Every time a city reports a big drop in crime, someone sends me a link to a story about it. San Francisco is the latest:

During the first half of the year, the city saw 14 killings — a 36 percent drop from the 22 recorded at the midpoint last year and a 63 percent decrease from the 38 in 2012.

….”The best guess one can make is that they’re associated with a national trend of lowered homicide rates over the last 20 years,” said Robert Weisberg, a law professor who co-directs the Stanford Criminal Justice Center. “They have settled a bit, but they have gone down in some places.”

Weisberg said one big factor in the national drop in killings is “just smarter policing, which requires more police and smarter police, and that includes the use of technology, the targeting of hot spots and CompStat-style policing and gang intervention.”

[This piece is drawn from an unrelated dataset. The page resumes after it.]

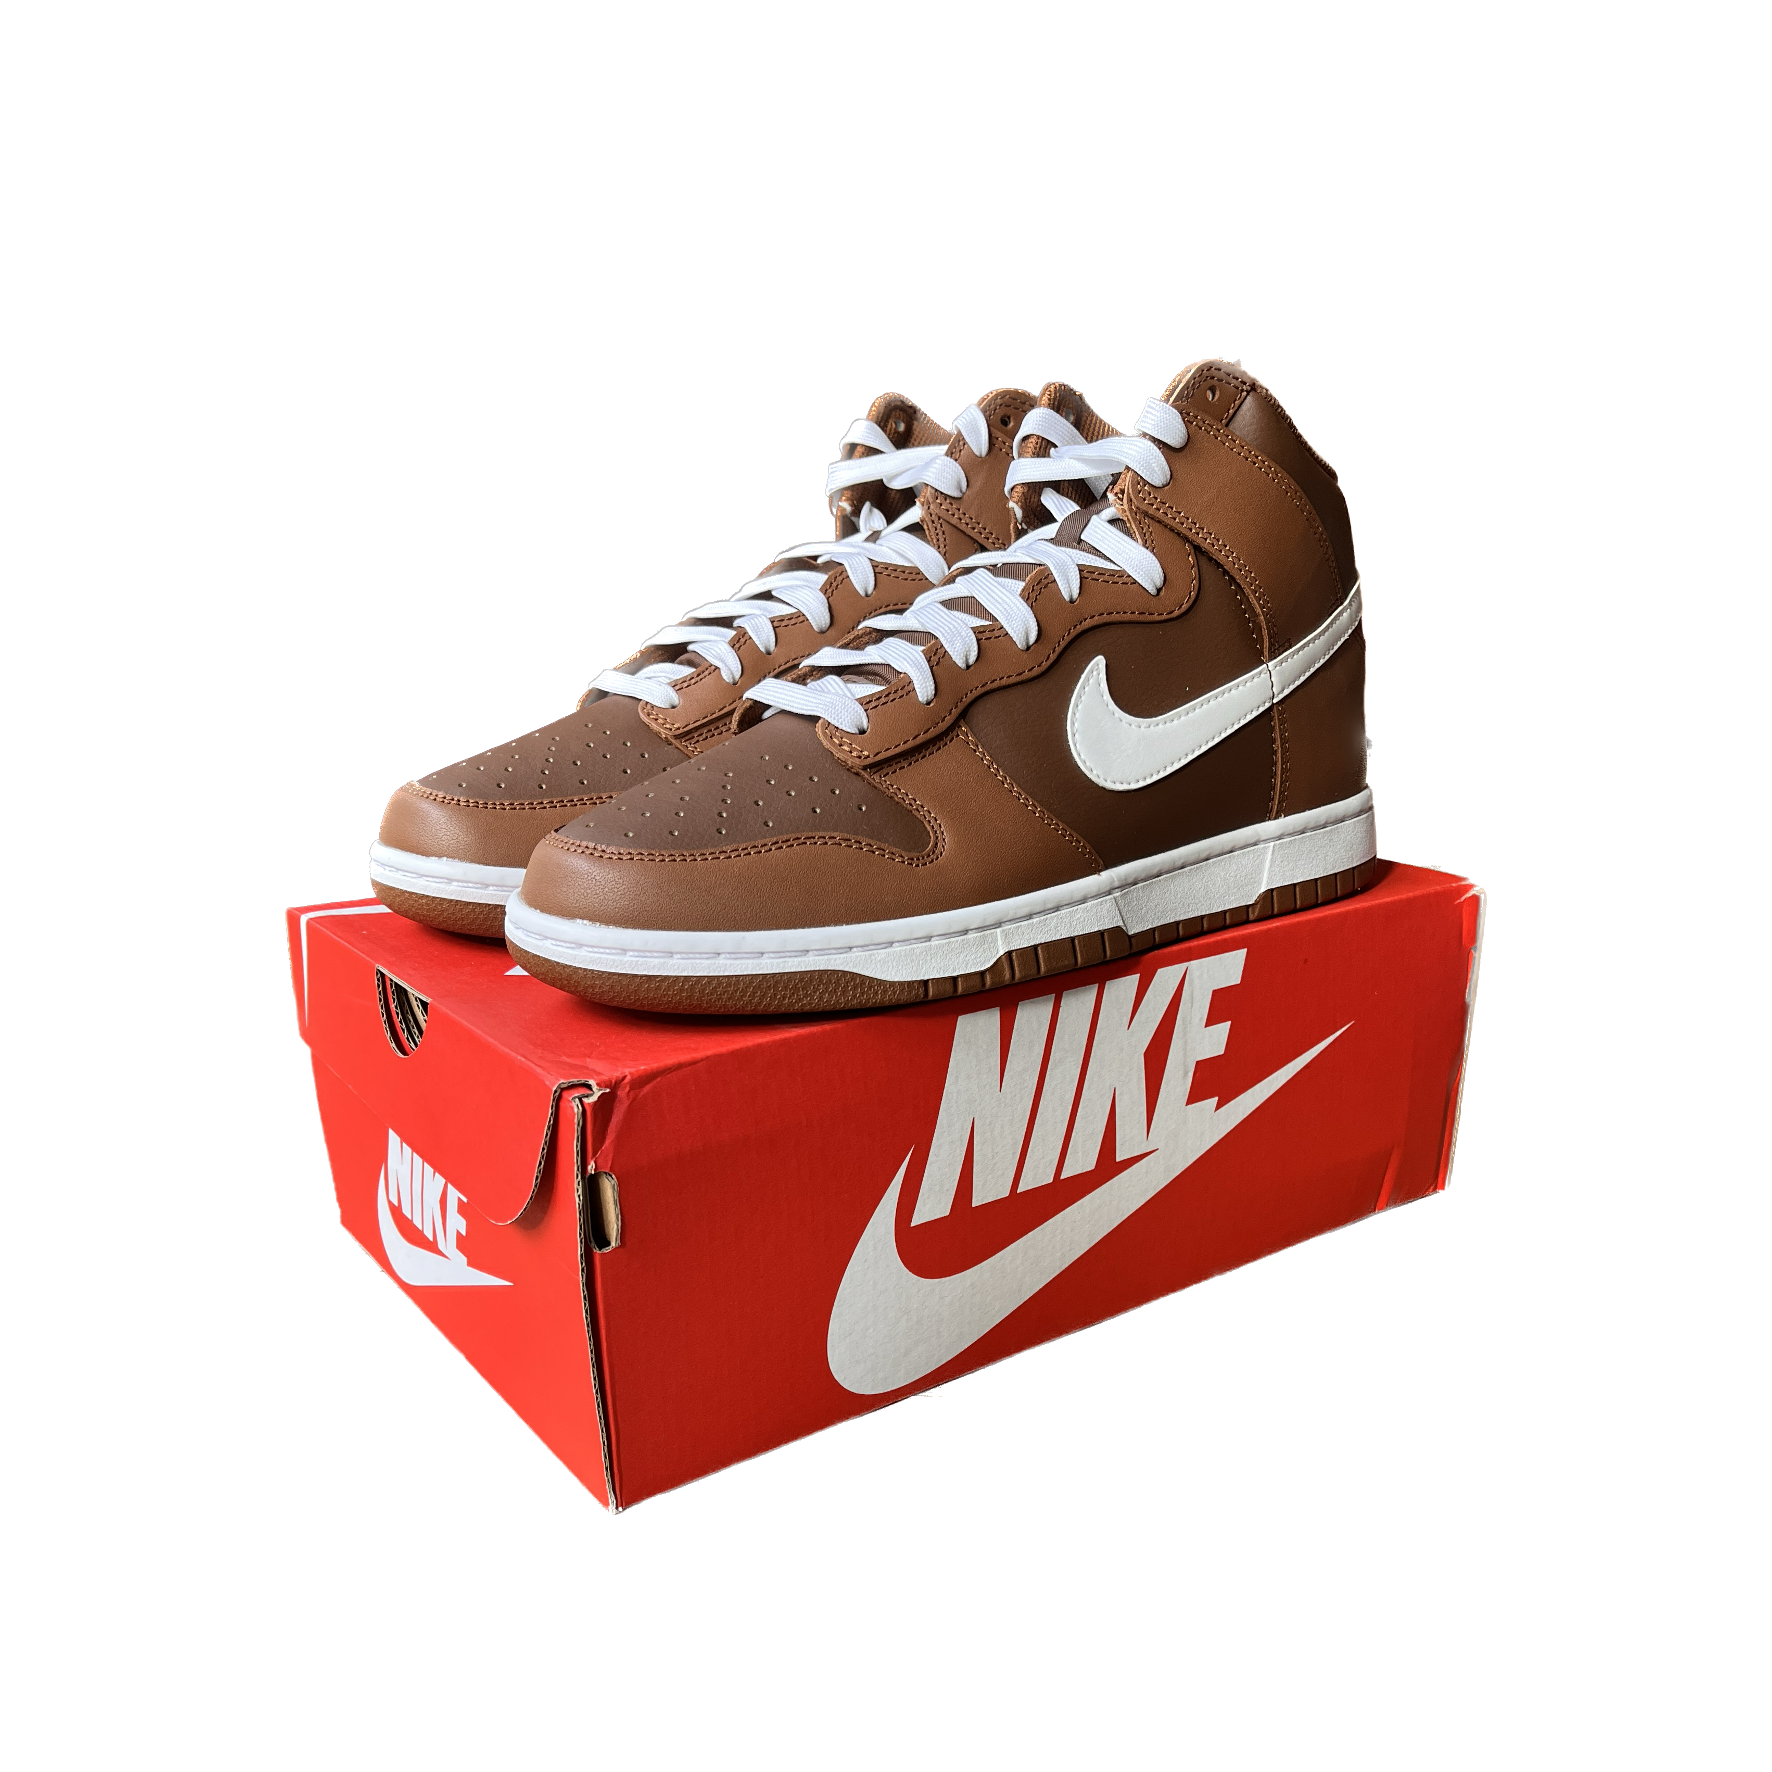 Nike Dunk High Chocolate - The Global Hype

I know what you’re wondering: is it lead, Kevin? What about this “smarter policing” stuff? Here are a few things that should help you think about this stuff:

  • The long-term trend in San Francisco is pretty familiar, and pretty similar to other mid-size cities. Over the past 20 years, a big part of San Francisco’s drop in violent crime is probably due to the phaseout of leaded gasoline between 1975 and 1995.
  • However, lead isn’t responsible for short-term changes. It has nothing to do with the 63 percent drop in homicides since 2012.
  • Generally speaking, you have to be careful with homicide numbers. Overall violent crime statistics are based on a large number of incidents, so they’re fairly reliable. But even big cities don’t have that many murders, which means the numbers can bounce around a lot from year to year just by random chance.
  • A drop in crime can create a virtuous circle, because it allows police to spend more time on the crime that remains. So lead might well have acted as a sort of tailwind here, producing a drop in violent crime that allowed systems like CompStat to be more effective, thus producing further drops even after the impact of lead has flattened out.

The phaseout of leaded gasoline did its job in San Francisco, but at this point any further drops will most likely have to come from other sources. More effective policing strategies are certainly one of the things that can make a difference.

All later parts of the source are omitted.